AIM OF THE EXERCISE:
Exactly reproduce the lines from the one containing "Roberto Cavalli c.2005" through the last line of the data, both ends included, leaving out pictures.

INFORMATION SHOWN:
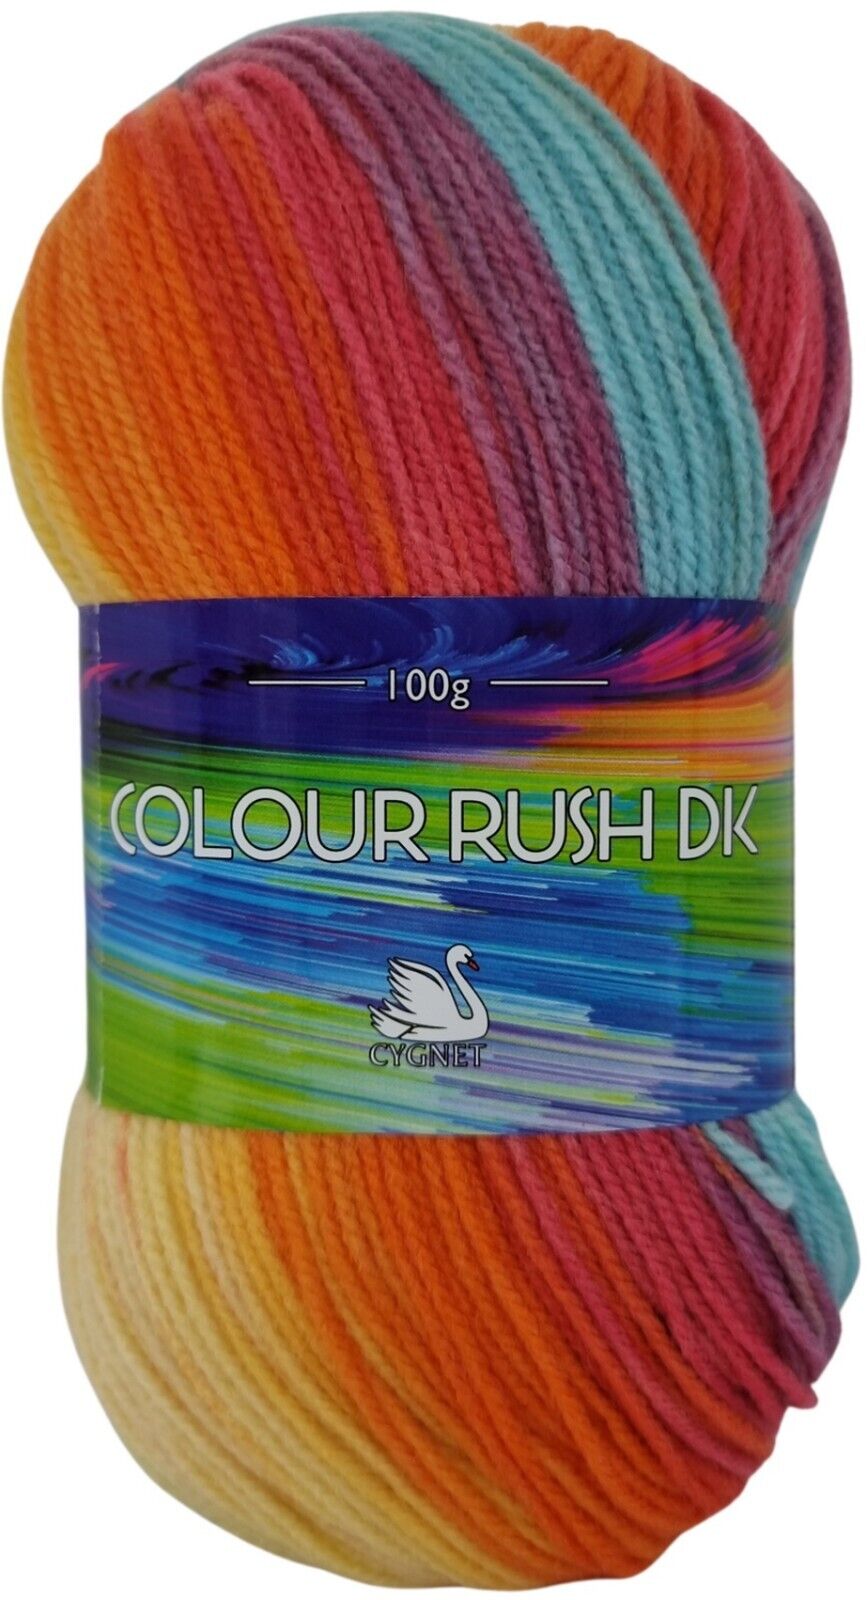 Cygnet COLOUR RUSH DK Knitting Yarn / Wool - 100g Double Knit Ball - Calypso
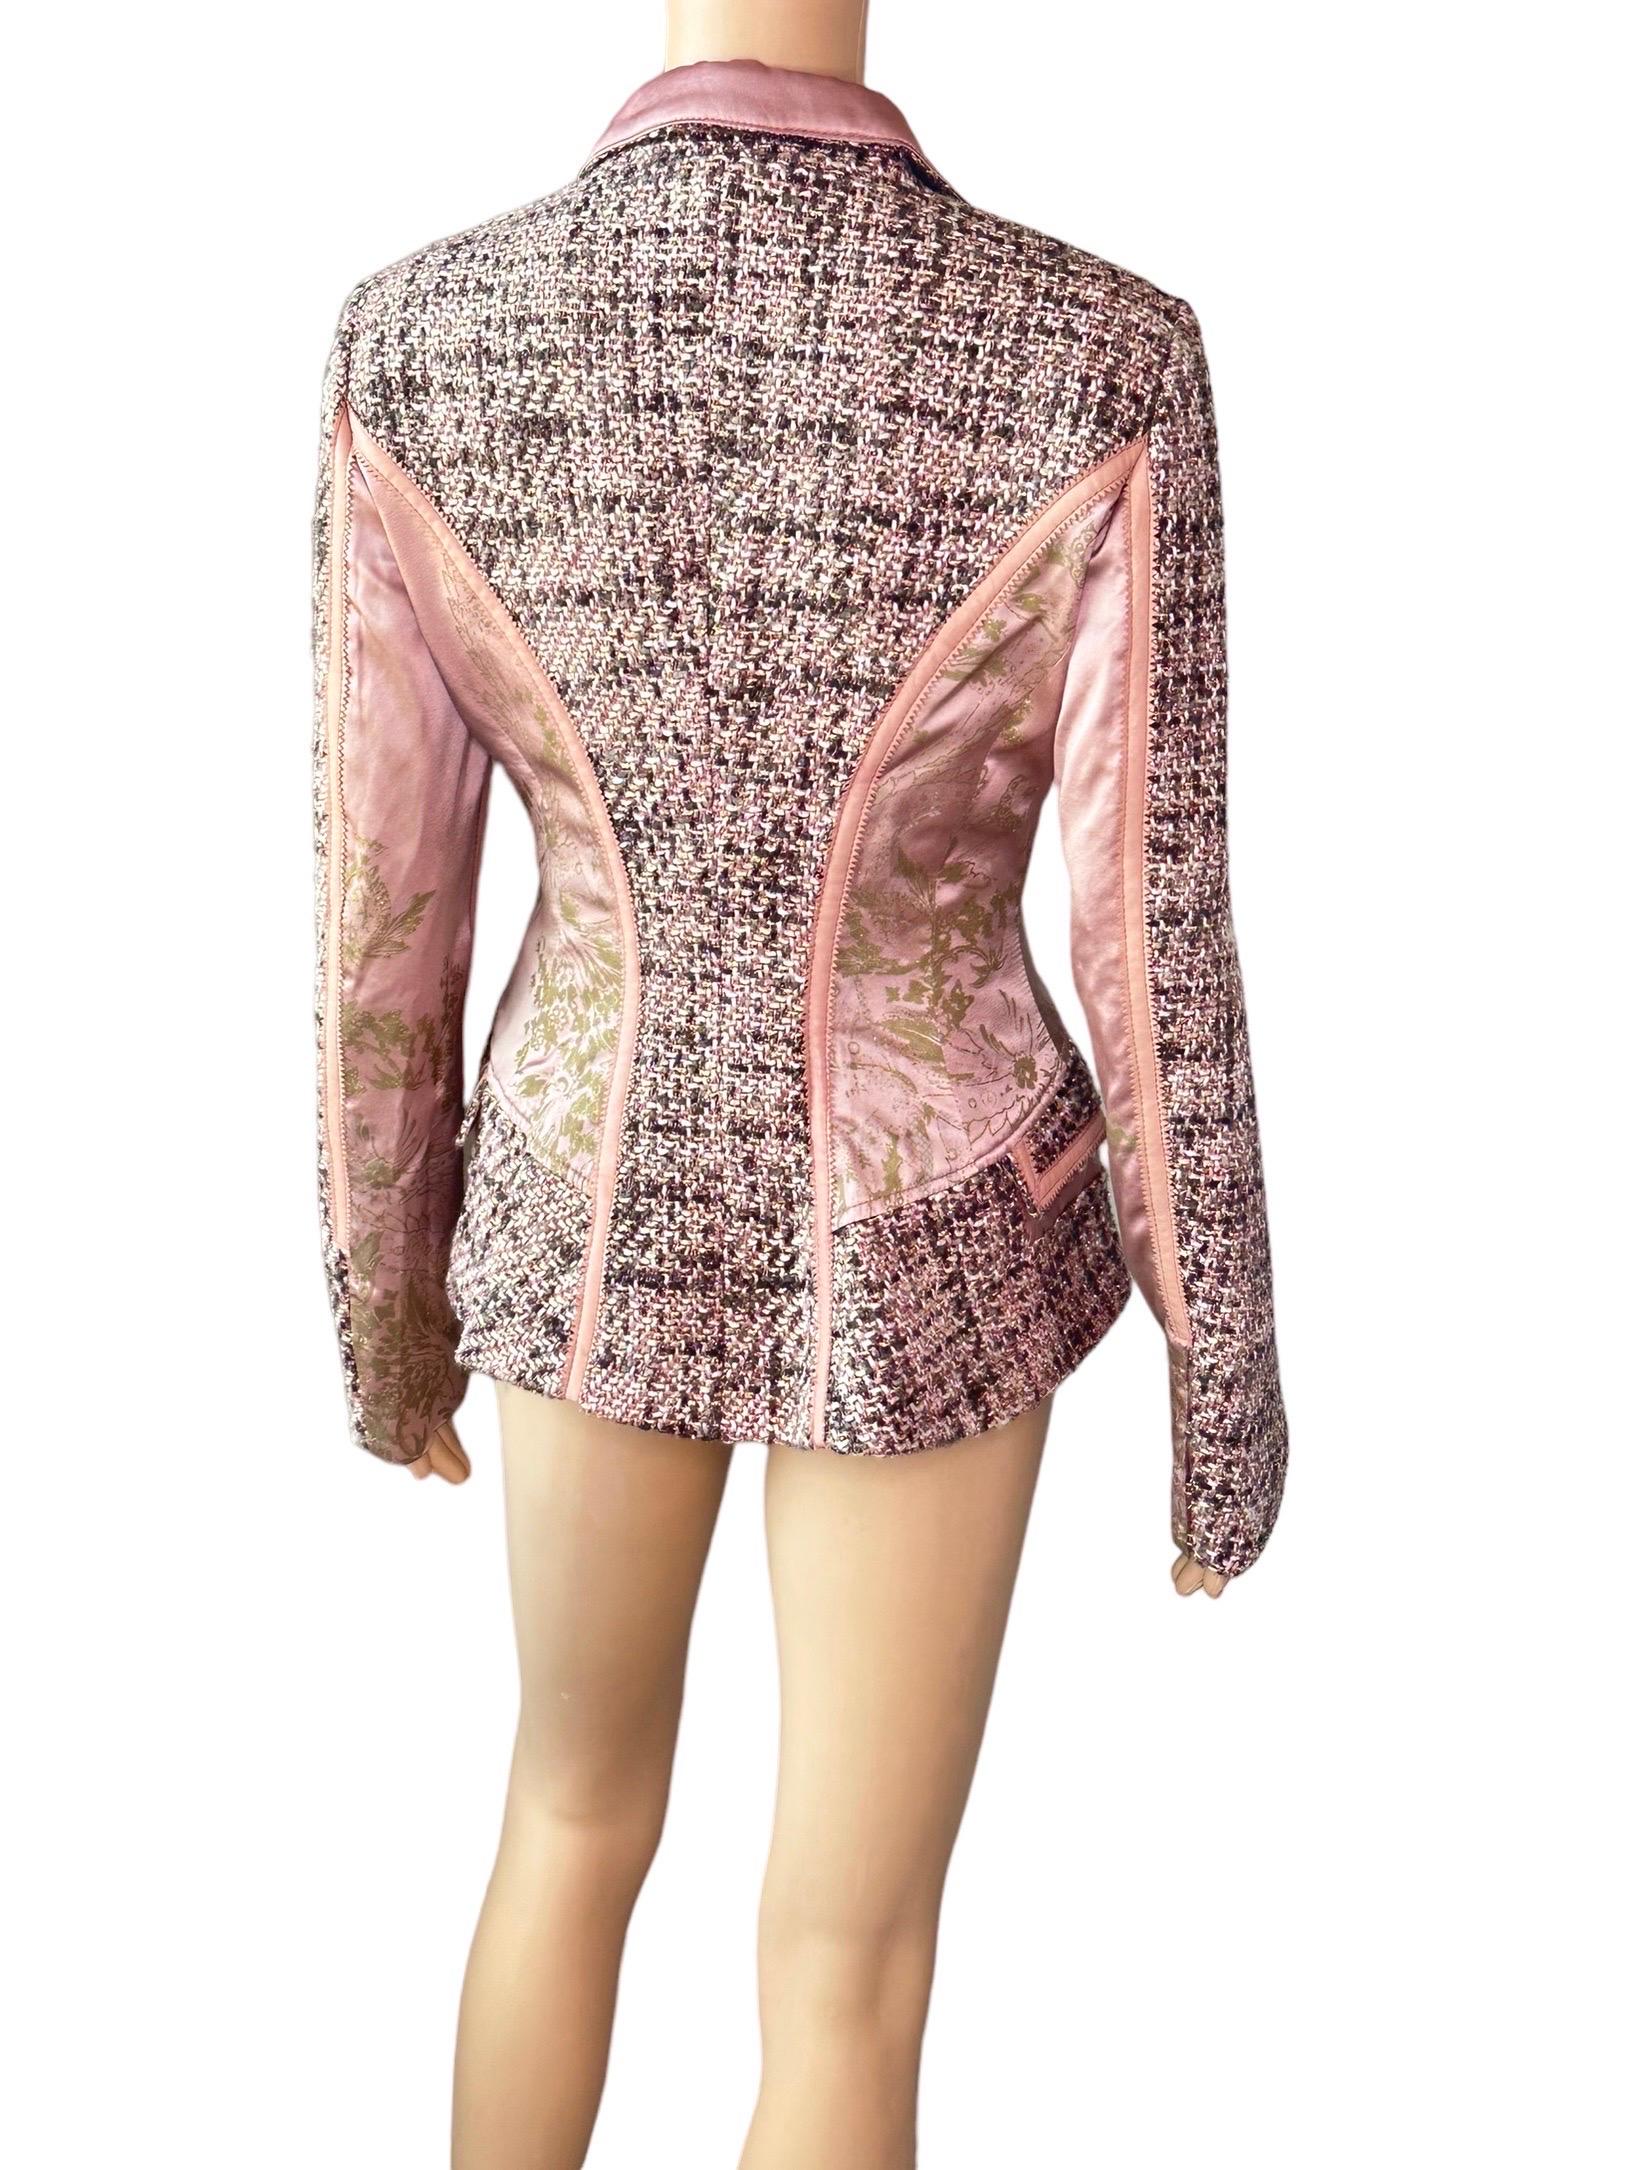 Roberto Cavalli c.2005 Bustier Tweed Lace Up Corset Top & Blazer 2 Piece Set  For Sale 14
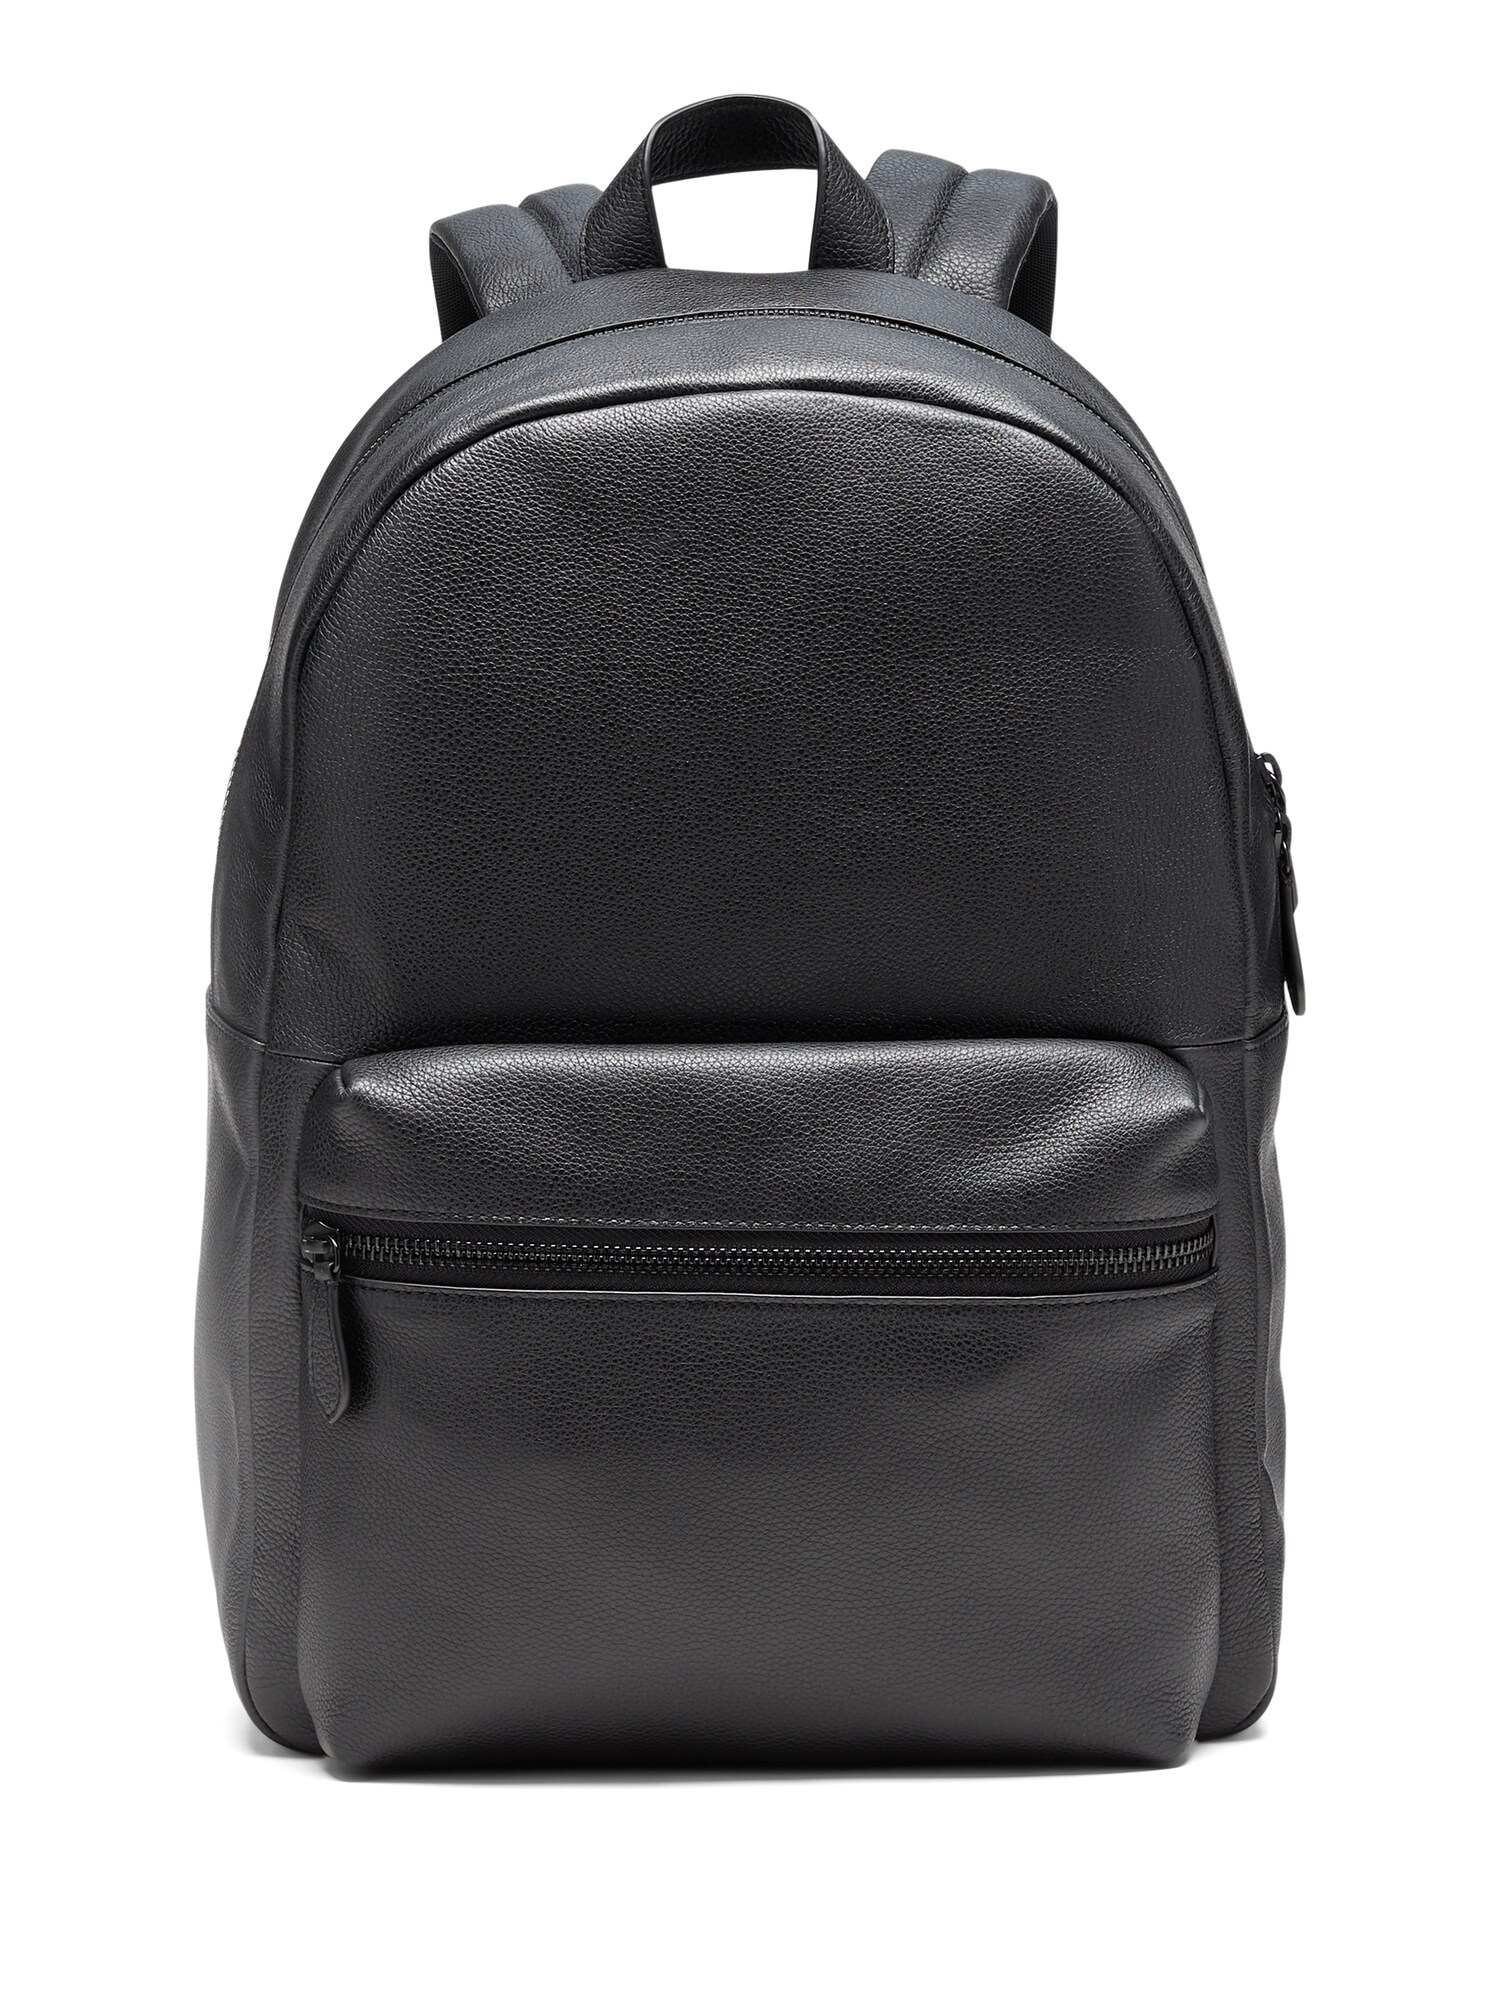 lumzag backpack price

WRITTEN SOLUTION:
 Roberto Cavalli c.2005 Bustier Tweed Lace Up Corset Top & Blazer 2 Piece Set  For Sale 14
 lumzag backpack price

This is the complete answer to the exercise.